Tak ada layang-layang
beterbangan siang itu. Para nakhoda minum bir di kafe. Wabah kolera menyebar.
Pohon-pohon ditebang. Anjing-anjing dibiarkan berkeliaran.
/4/
Kau memutuskan mengunjungi bukit
penuh kera di pinggir kota. Di bukit dekat danau buatan itu kera-kera seperti
menjadi makhluk kerajaan yang tidak kelihatan. Salah satu kera mungkin telah
menjadi raja. Salah satu kera mungkin telah menjadi ratu. Beberapa kera mungkin
telah menjadi rakyat.
“mereka adalah makhluk-makhluk
yang dihormati oleh para wali. Dulu para wali meminta mereka mencari kayu-kayu
jati di hutan untuk membangun masjid,” kata seorang pemandu kepadamu.
Kau memandang langit. Kau
berharap akan muncul gajah, kuda mil, dan tapir terbang menemanimu
berjalan-jalan di kawasan yang kau anggap hanya sebagai ilusi itu.
Kau kemudian memasuki gua. Kau
ingin membaca tulisan-tulisan kuno dan menyentuh gambar-gambar satwa di dinding
batu yang senantiasa basah.
“apa kau kau pernah singgah di
sini, tuan?”
/5/
Kau bersama orang-orang yang
berjalan sambil tidur kemudian menuju ke stasiun kereta api. Kalian tidak
sempat menatap delapan jam dinding yang menunjuk arah yang berbeda, kelelawar-kelelawar
yang berusaha mencari sarang, lukisan-lukisan tentang para rasul yang sedang
dikepung serdadu, lima belas kucing hitam yang sedang berkelahi, tiga pengamen
berbiola, dan seorang pendeta yang menawarkan surga. Kalian tidak sempat mendengarkan
sepasang kekasih berbincang tentang pembunuhan bandit di terminal, kepak
sepasang burung gagak di dekat loket tiket, panggilan sengau kepada penumpang
yang terlambat, dan Seruyan ajakan berdoa untuk para musafir.

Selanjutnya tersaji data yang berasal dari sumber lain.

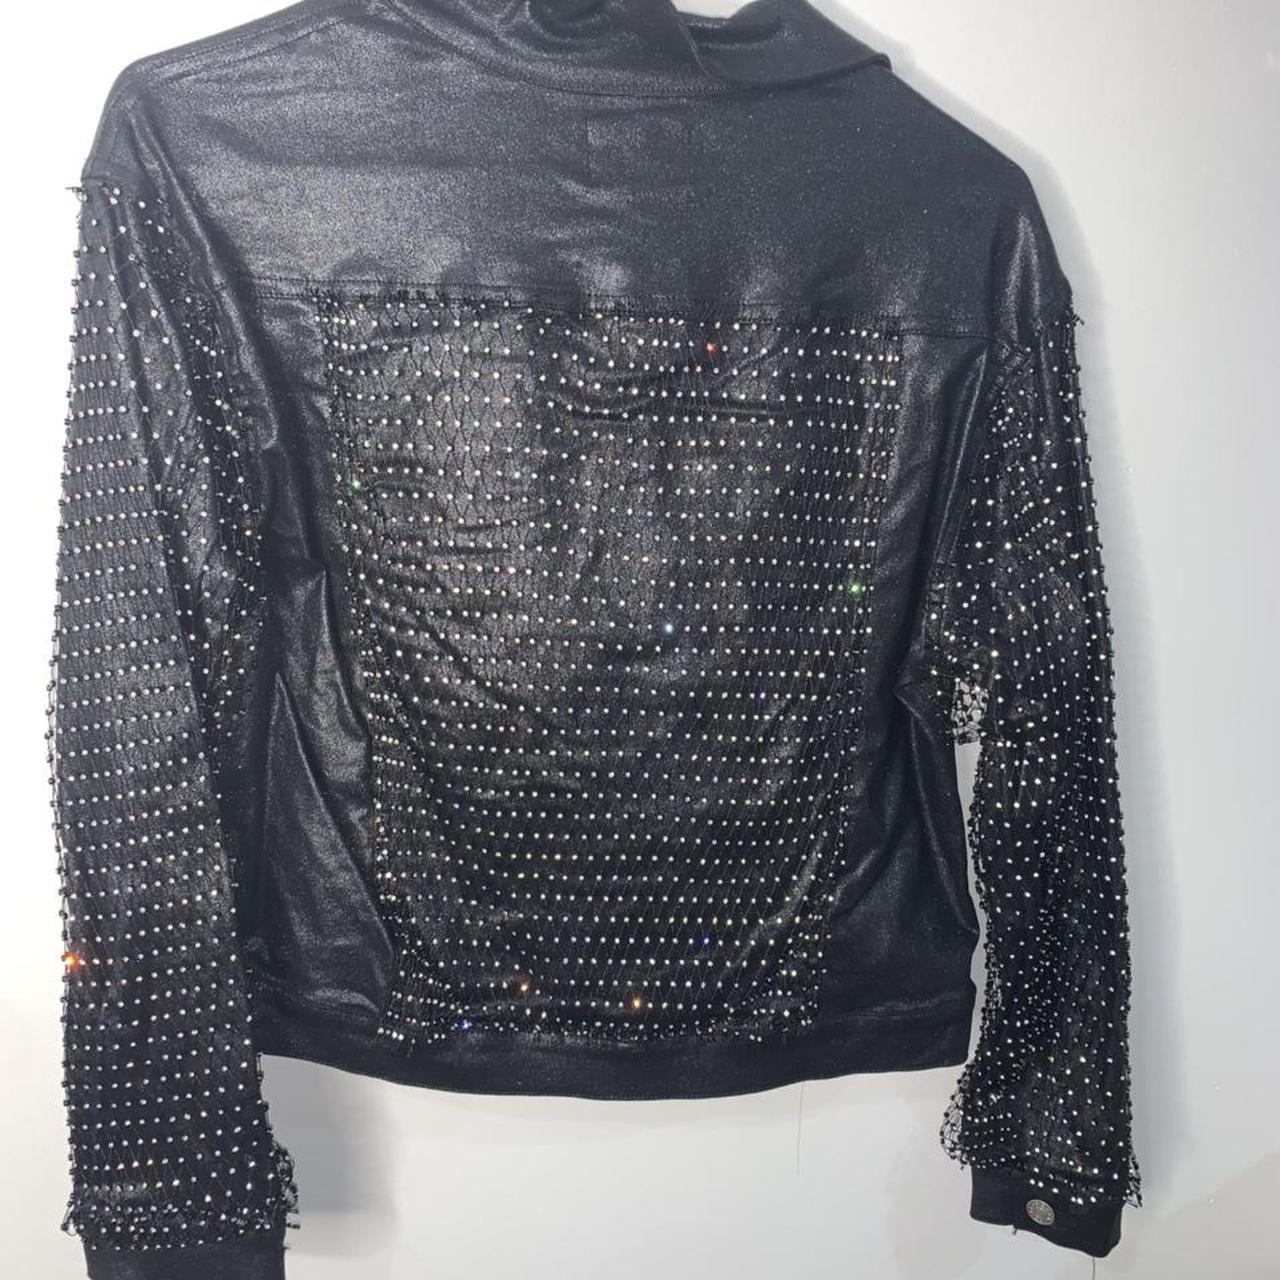 Product Image 1 - Brand New Metallic Rhinestone Jacket,

“mengapa kau tidak meminta
dibunuh di sini saja?”
/6/
Di dalam kereta api kau melihat orang-orang tidur mendengkur.
Mereka tidak peduli di luar jendela ada orang-orang yang begitu asyik memukuli
tiang listrik, orang-orang yang bercakap dengan kerbau atau anjing, truk-truk
yang mengangkut sampah, sepeda-sepeda yang dikayuh dengan riang gembira,
kaleng-kaling yang ditendang bocah-bocah gundul, dan penjaja panganan yang
berteriak, “yang lapar, yang lapar, yang lapar....”

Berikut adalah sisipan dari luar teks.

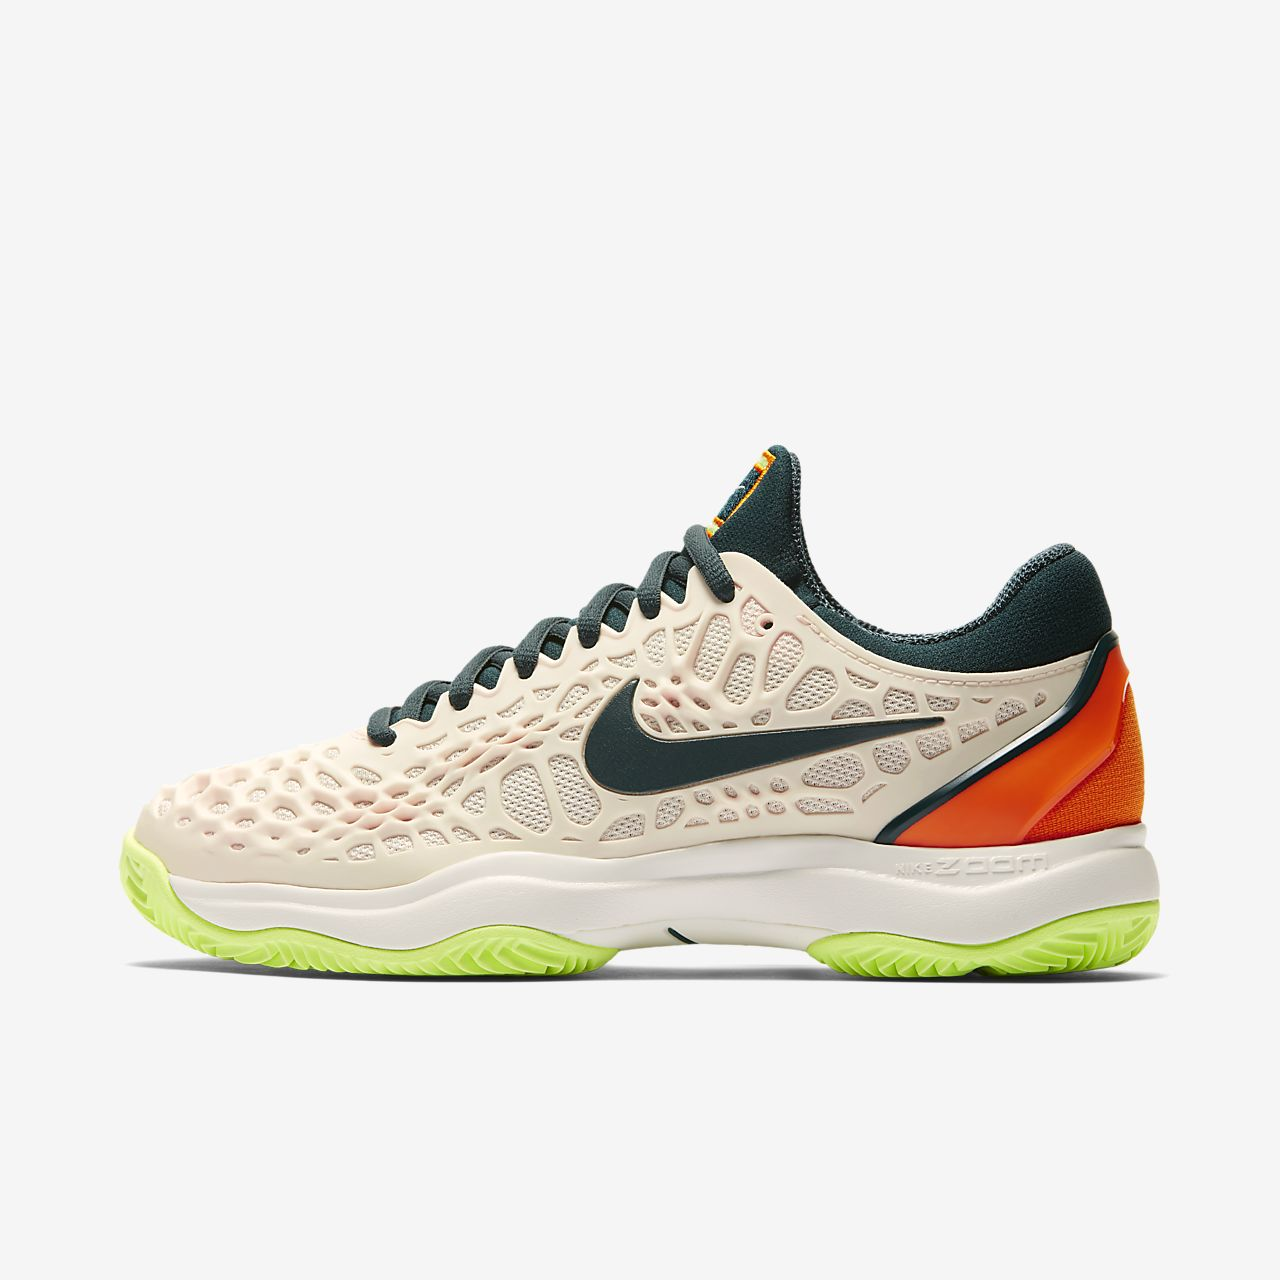 fba1b476412 Nike Zoom Cage 3 Clay Women s Tennis Shoe. Nike.com GB

Di dalam kereta api, kau bertemu
dengan seseorang yang tengah membaca Kitab
Kesengsaraan.
“mengapa kita sengsara?” kau
bertanya.
“karena orang-orang begitu
berhasrat membunuh sang juru selamat?”
“karena ada yang ingin jadi juru
selamat.”
“mengapa ada yang ingin jadi
juru selamat?”
“karena trotoar-trotoar
dibongkar?
“mengapa tiba-tiba kau berbicara
tentang trotoar?”
Mengapa tidak boleh mencibir?”
“mengapa tiba-tiba kau berhasrat
mencibir?”
“mengapa tidak boleh tidur?”
“mengapa kau tiba-tiba ingin
tidur?”
“karena sang juru selamat hendak
dibunuh dan kau diam saja.”
“karena itukah kita sengsara?”
kau melontarkan pertanyaan ngawur.
“ya,” kata seorang yang
menyerupai rahib itu, “karena itulah kita sengsara.”
/7/
Akhirnya kau sampai di ibu kota.
Kau melihat orang-orang menunggang unta mengibarkan bendera-bendera hitam
bergambar tikus. Kau mendengarkan teriakan-teriakan parau para penunggang unta
yang sedang menghujat gubernur.
“mengapa belum dibunuh? Kalau
tak bisa membunuh, kami sendiri yang akan menusukkan tombak ke lambung!” teriak
mereka.
“aku belum menemukan kesalahan
makhluk yang kau anggap sebagai sang juru selamat ini,” kata gubernur.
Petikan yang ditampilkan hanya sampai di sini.